>>>>
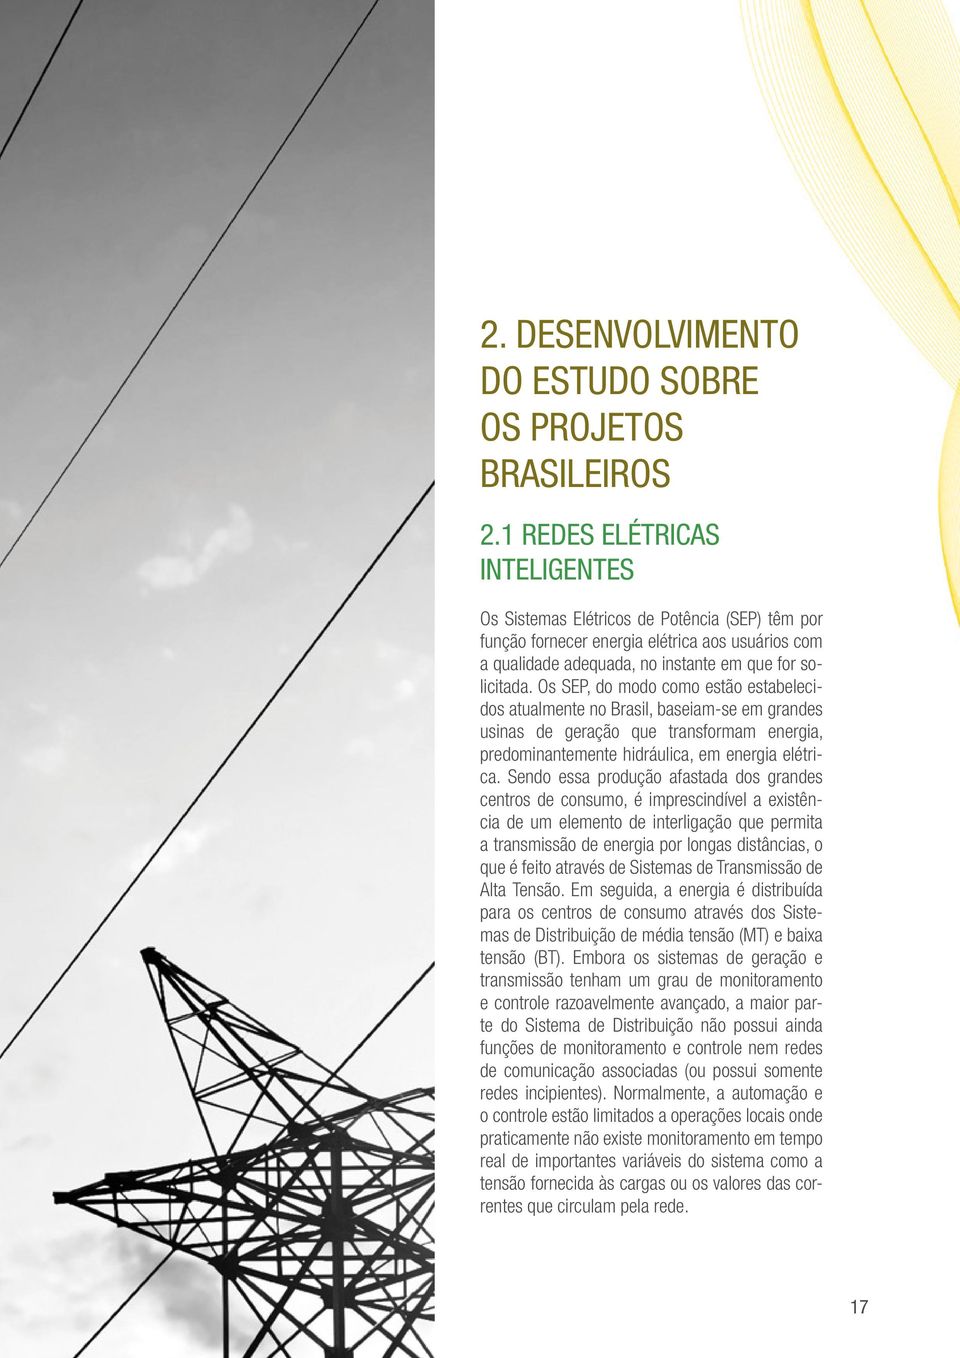 Os SEP, do modo como estão estabelecidos atualmente no Brasil, baseiam-se em grandes usinas de geração que transformam energia, predominantemente hidráulica, em energia elétrica.
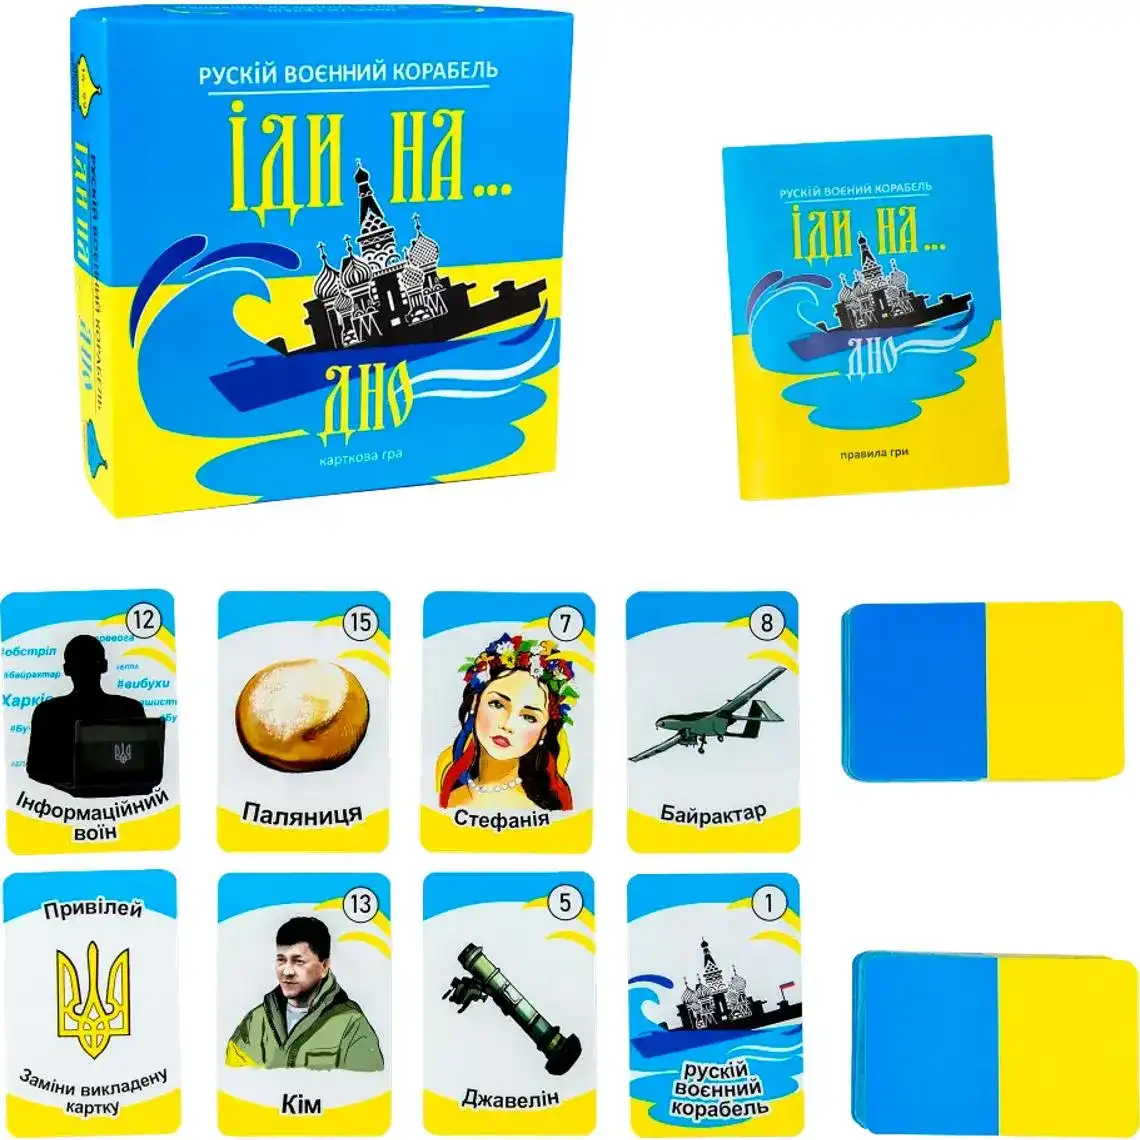 Настільна гра Strateg "Рускій воєнний корабль, іди на... дно" карткова жовто-блакитна
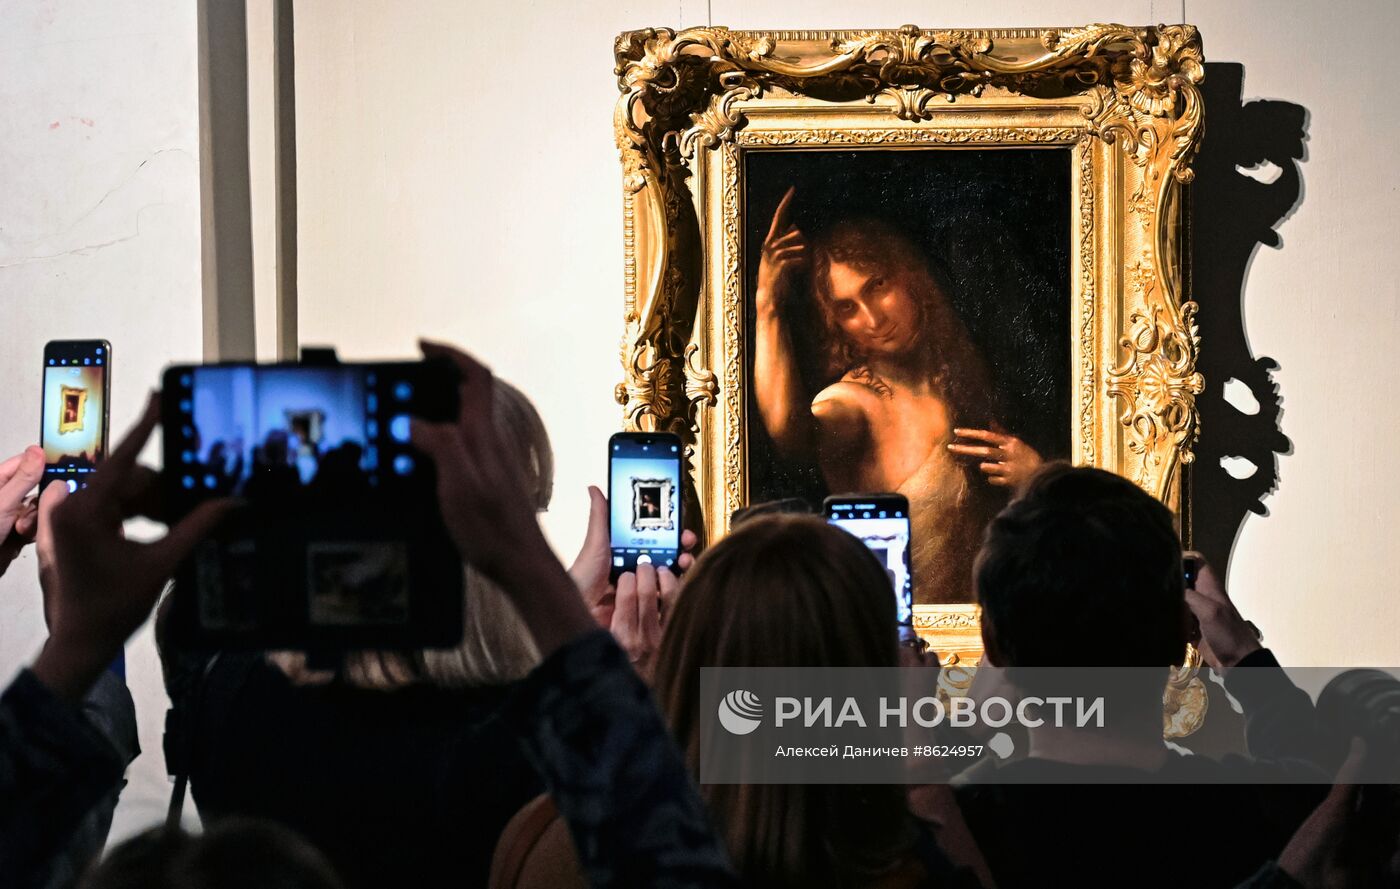 Открытие выставки "Новые загадки картин Леонардо да Винчи" в Санкт-Петербурге
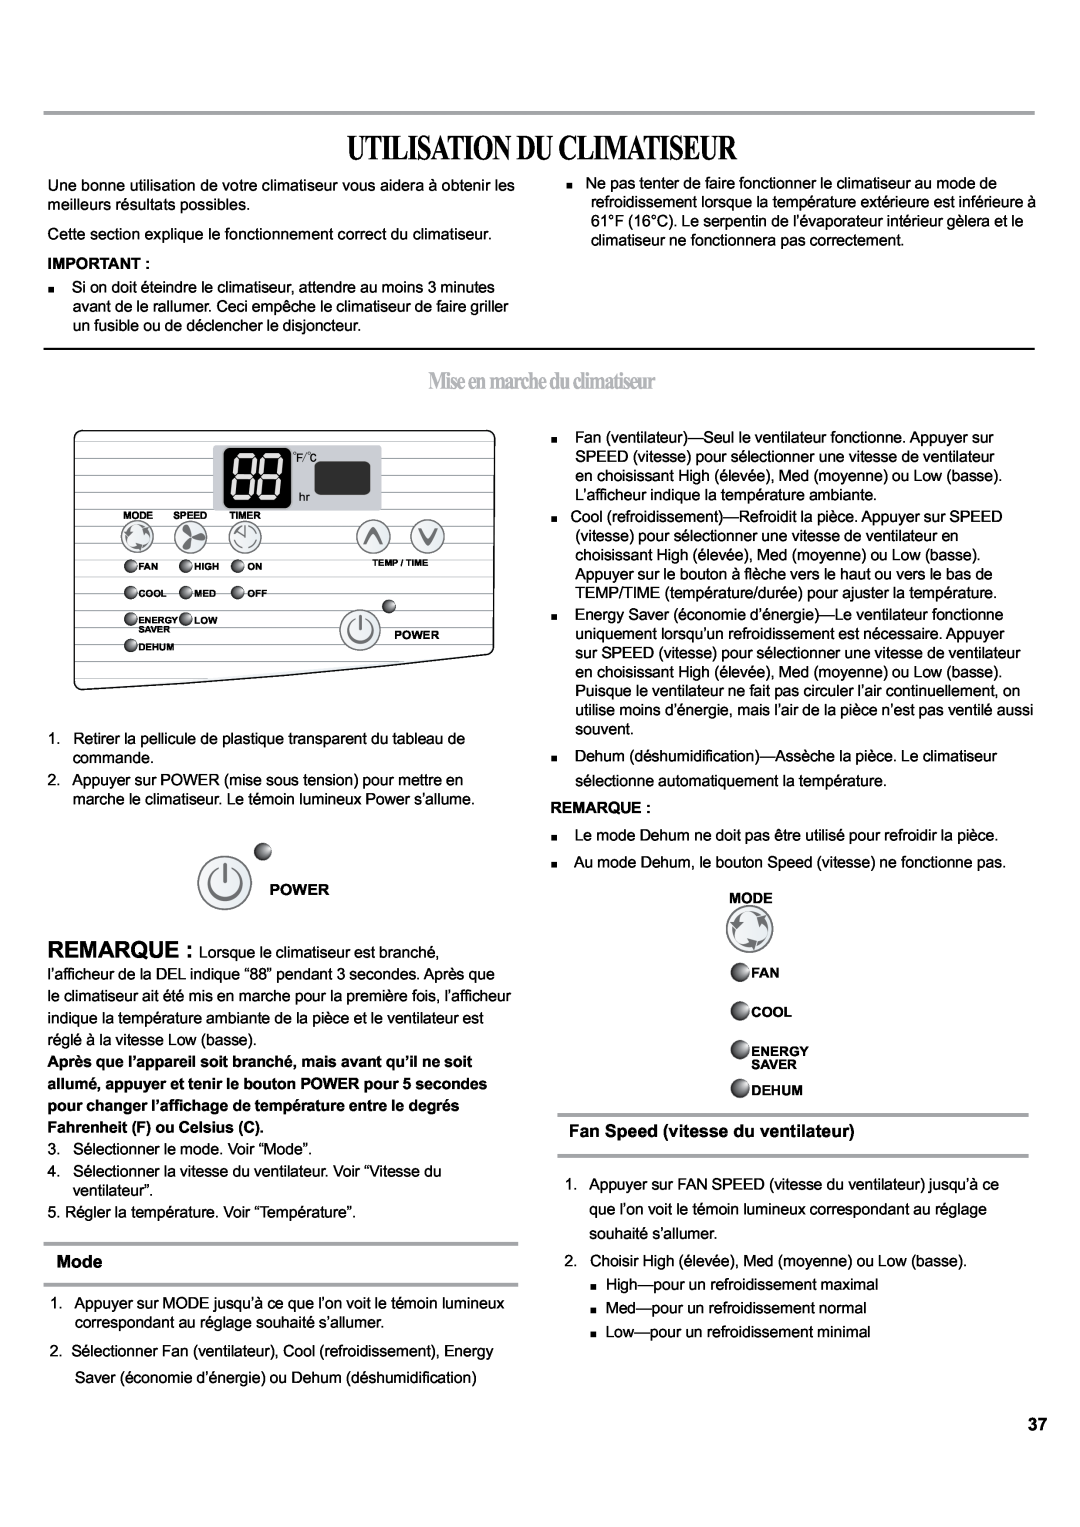 Haier ESA405K manual Utilisationduclimatiseur, Miseenmarcheduclimatiseur, Mode, Fan Speed vitesse du ventilateur 
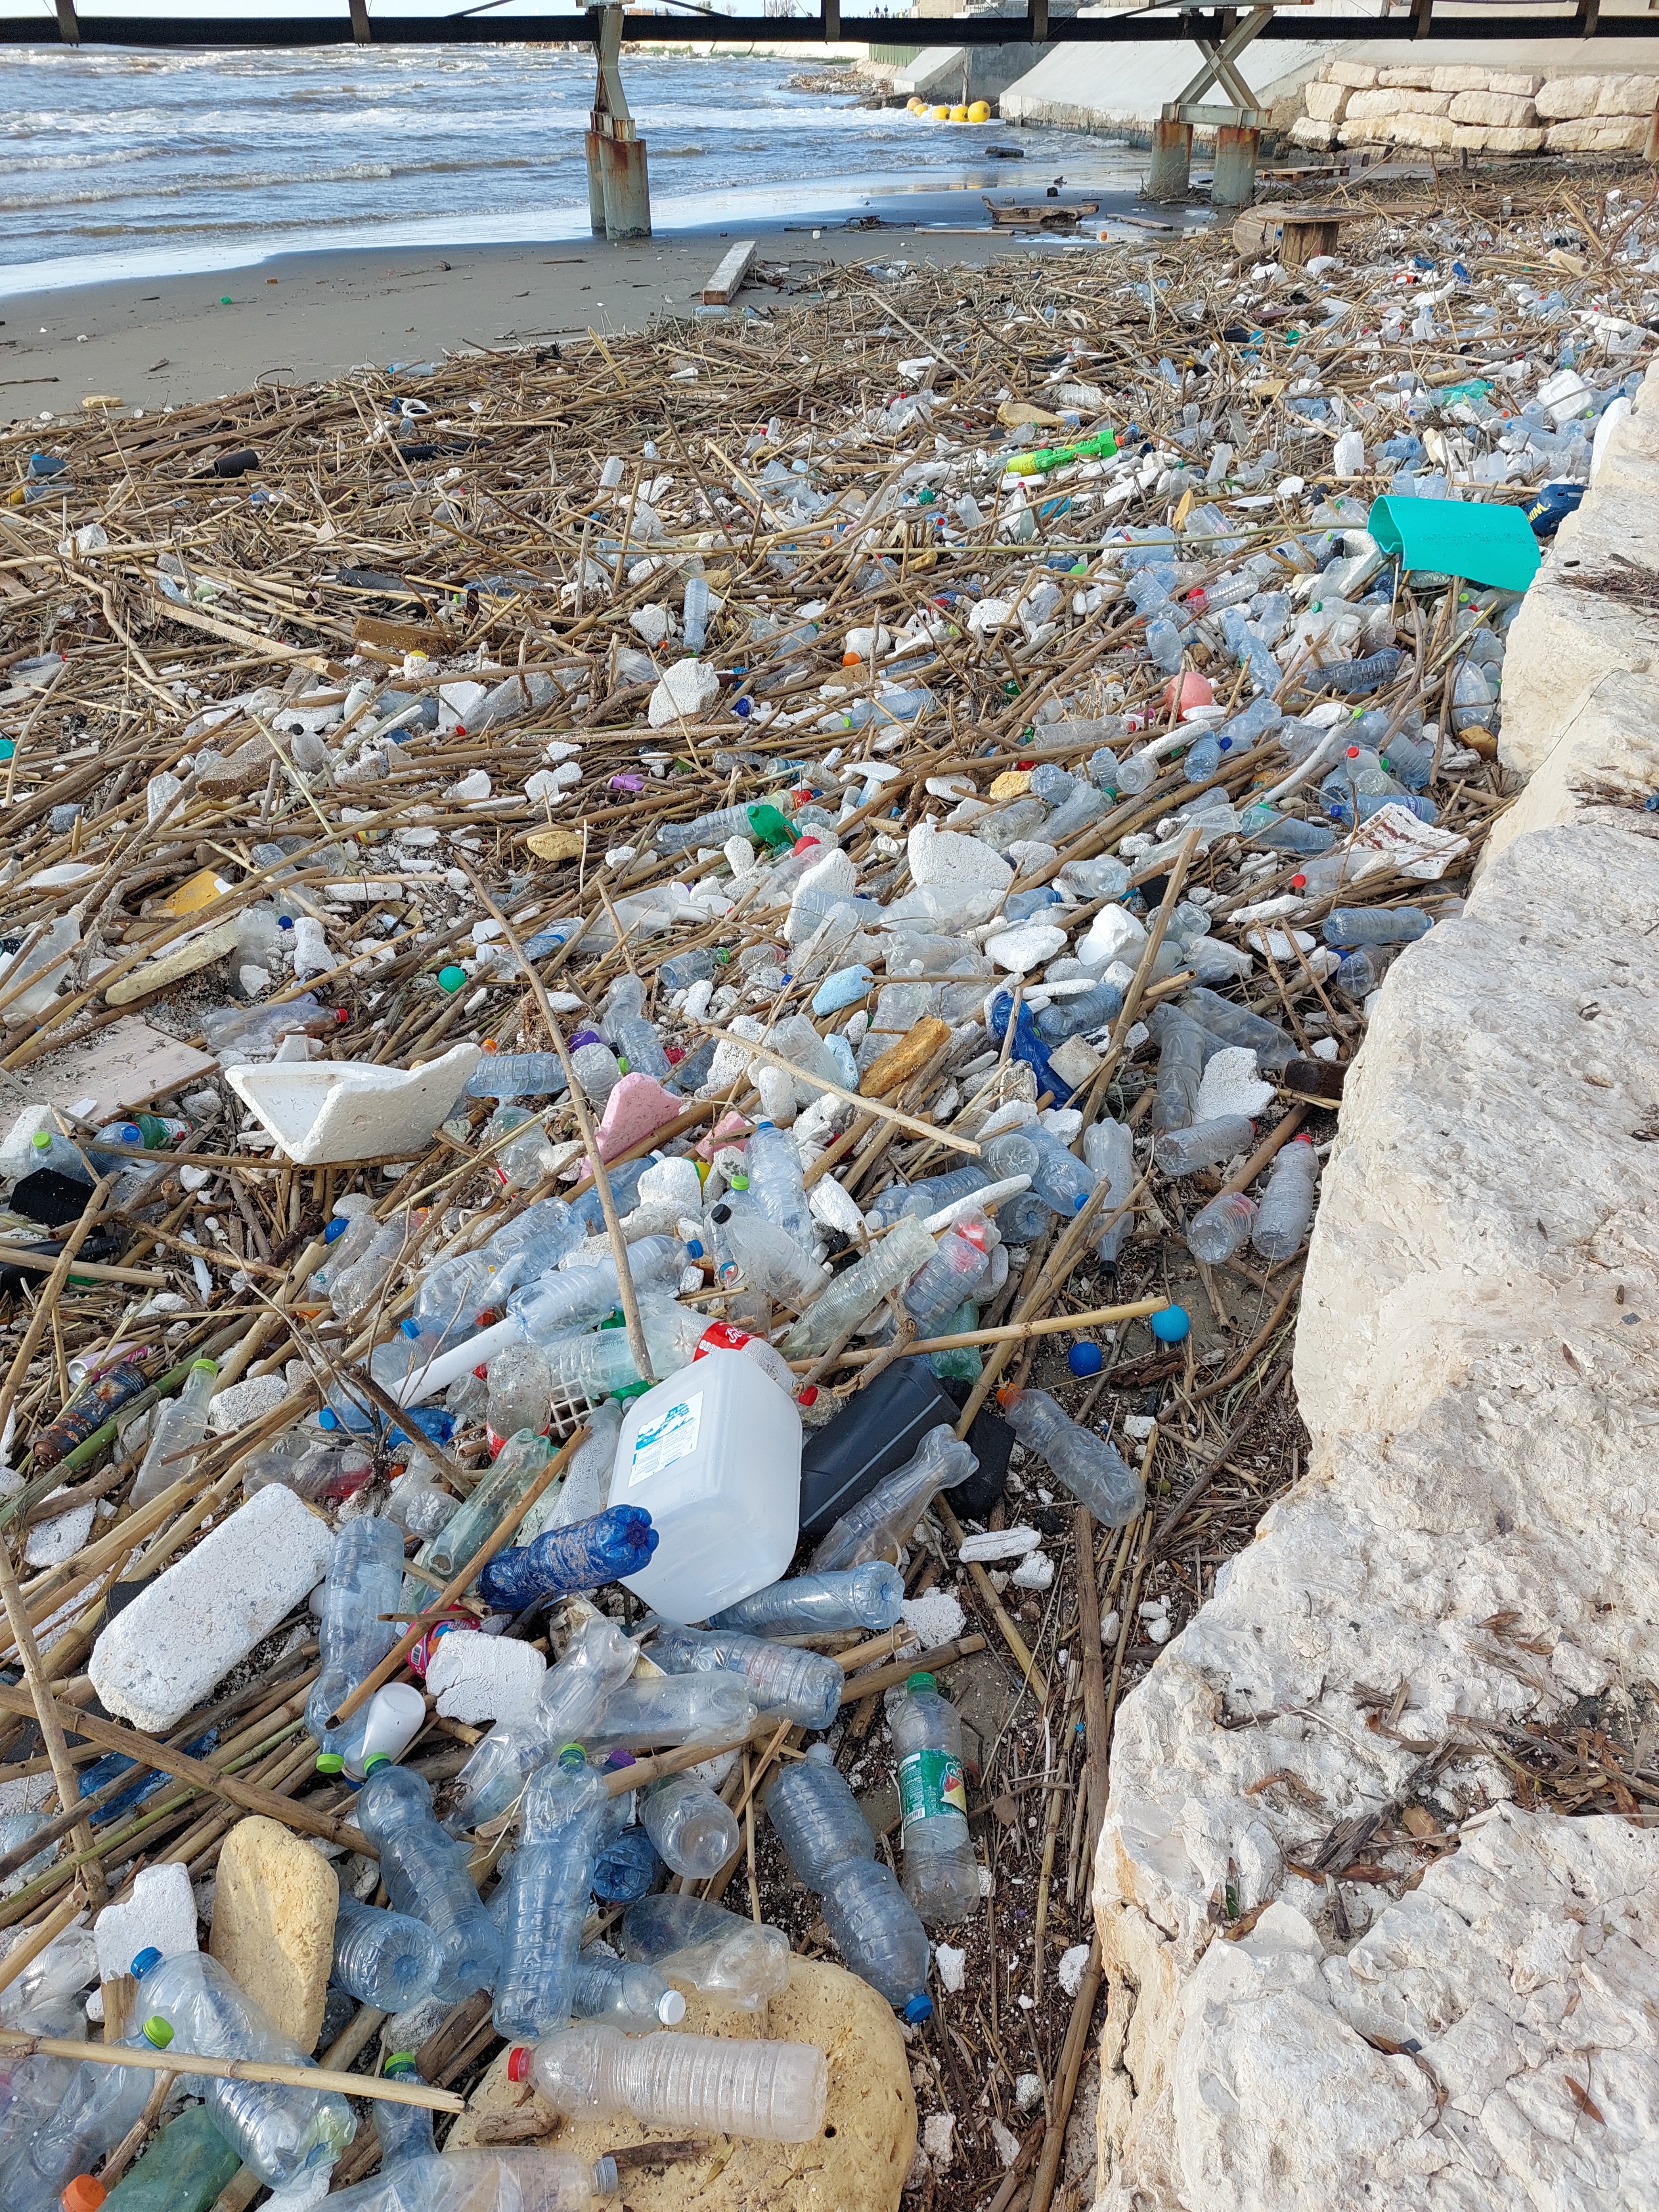 פסולת פלסטיק בירקון לפני כשבועיים וחצי. צילום אוולין אנקה 3
<<<<
ACTIVITY -> All that is needed is the span from the line with "Haier ESA405K manual" through the last line of the material above, reproduced exactly and free of pictures.

RESPONSE ->
 Haier ESA405K manual Utilisationduclimatiseur, Miseenmarcheduclimatiseur, Mode, Fan Speed vitesse du ventilateur 
 פסולת פלסטיק בירקון לפני כשבועיים וחצי. צילום אוולין אנקה 3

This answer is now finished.